He permits me to share parts of it.

 

I modified Henri's definitions of "mix" and "appears with" by adding the underlined phrase
about derivative works. These are now polite phrases instead of "ground beef" or "pee in a
pool":

 

Mix and create a derivative work: When MPL source is added to existing Apache 2.0 source (the
same file) and creates a derivative work such that the Apache 2.0 source must now be licensed
under MPL.

 

Appears with: When MPL source is place beside existing Apache 2.0 source files, such that
the Apache 2.0 source does not need to be licensed under the MPL.

 

You also have to create a derivative work. That is much rarer than you imagine. When you are
merely mixing FOSS code for functional convenience (into the same or different files) and
it has nothing to do with the copyrightable aspects of the works (e.g., DRM protection for
the binary, packaging it into one TAR file, making separate programs convenient to install),
then you have almost certainly not created a derivative work. That is not worth a $35 copyright
application fee since any competent programmer in the world can replace that easily without
infringement. For free. The only sour spot is that you are required by almost EVERY FOSS license
to post notices of what you have mixed. 

 

This is also why I believe that the GPL static linking doctrine is ridiculous. You also have
to create a derivative work!

 

The two paragraphs above ought to be reviewed and approved by real attorneys working for real
companies.
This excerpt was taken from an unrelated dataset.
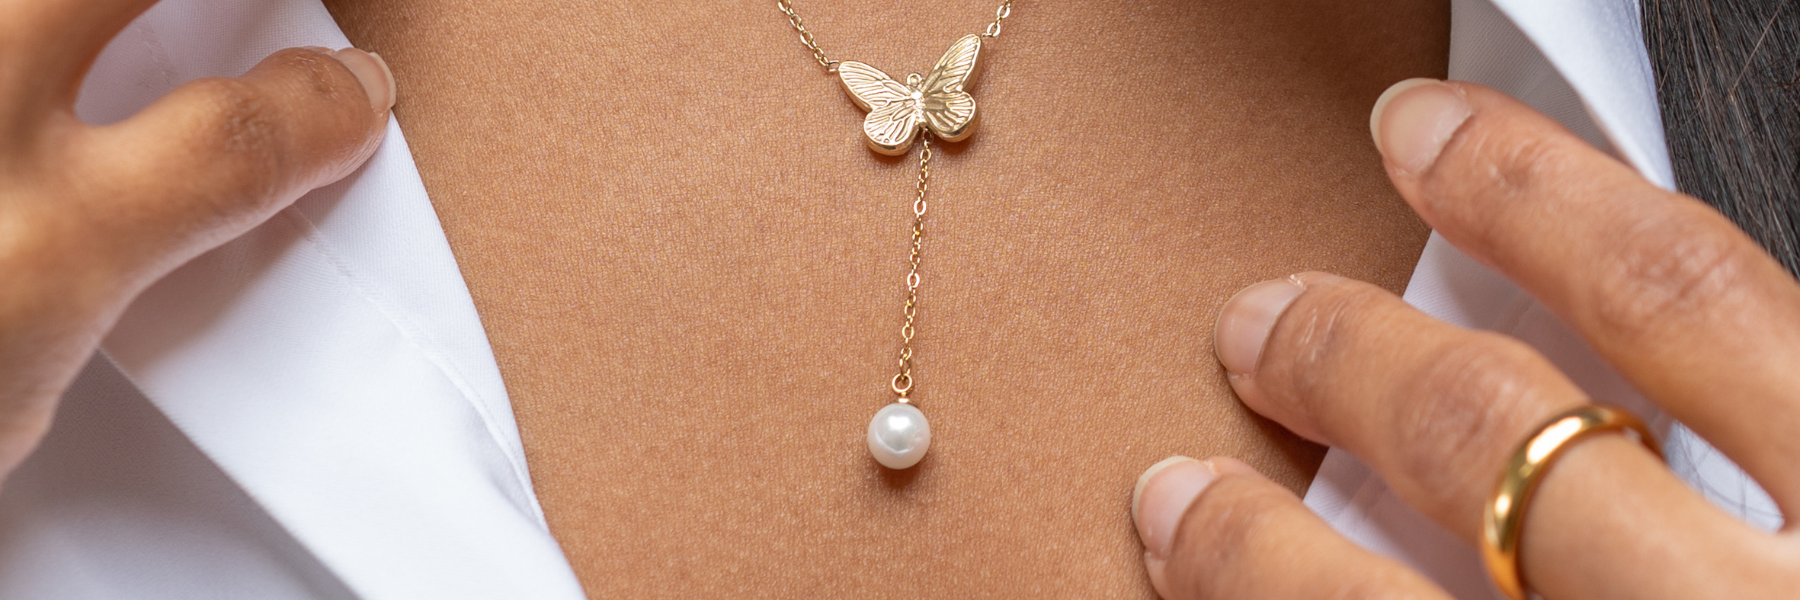 harma gold plated butterfly necklace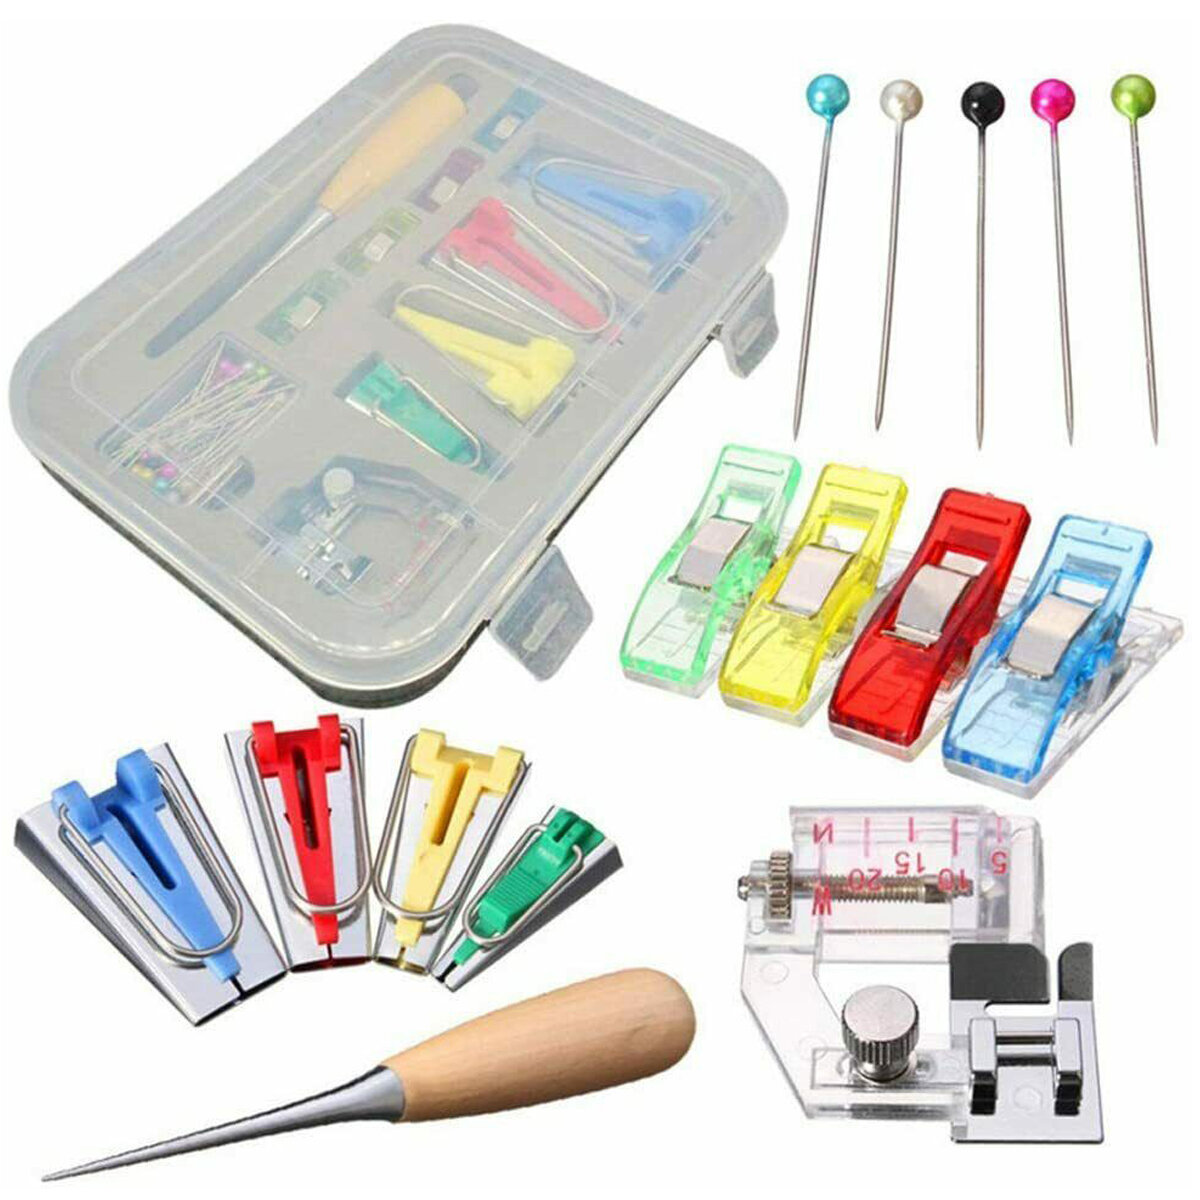 Binding Tools for Quilting Bias Tape Maker Tool Set of 4 Sizes DIY Patchwork Sewing Accessories Tools Set 12-in 1 Single/Double Fold Sewing Bias Tape Maker Set Bias Tape Makers Kit

I'm tired of talented programmers expounding otherwise on this legal issue. But
if correct, it makes the combining of FOSS software generally trivial.

 

It does mean that you may more often ask your lawyer the following question, "Am I creating
a derivative work?" rather than "Can I mix or appear with?" 

 

If we're prepared to mix MPL inside Apache code, such that it can't be reversed, I think Apache
should move to using MPL 2.0 as it's default license.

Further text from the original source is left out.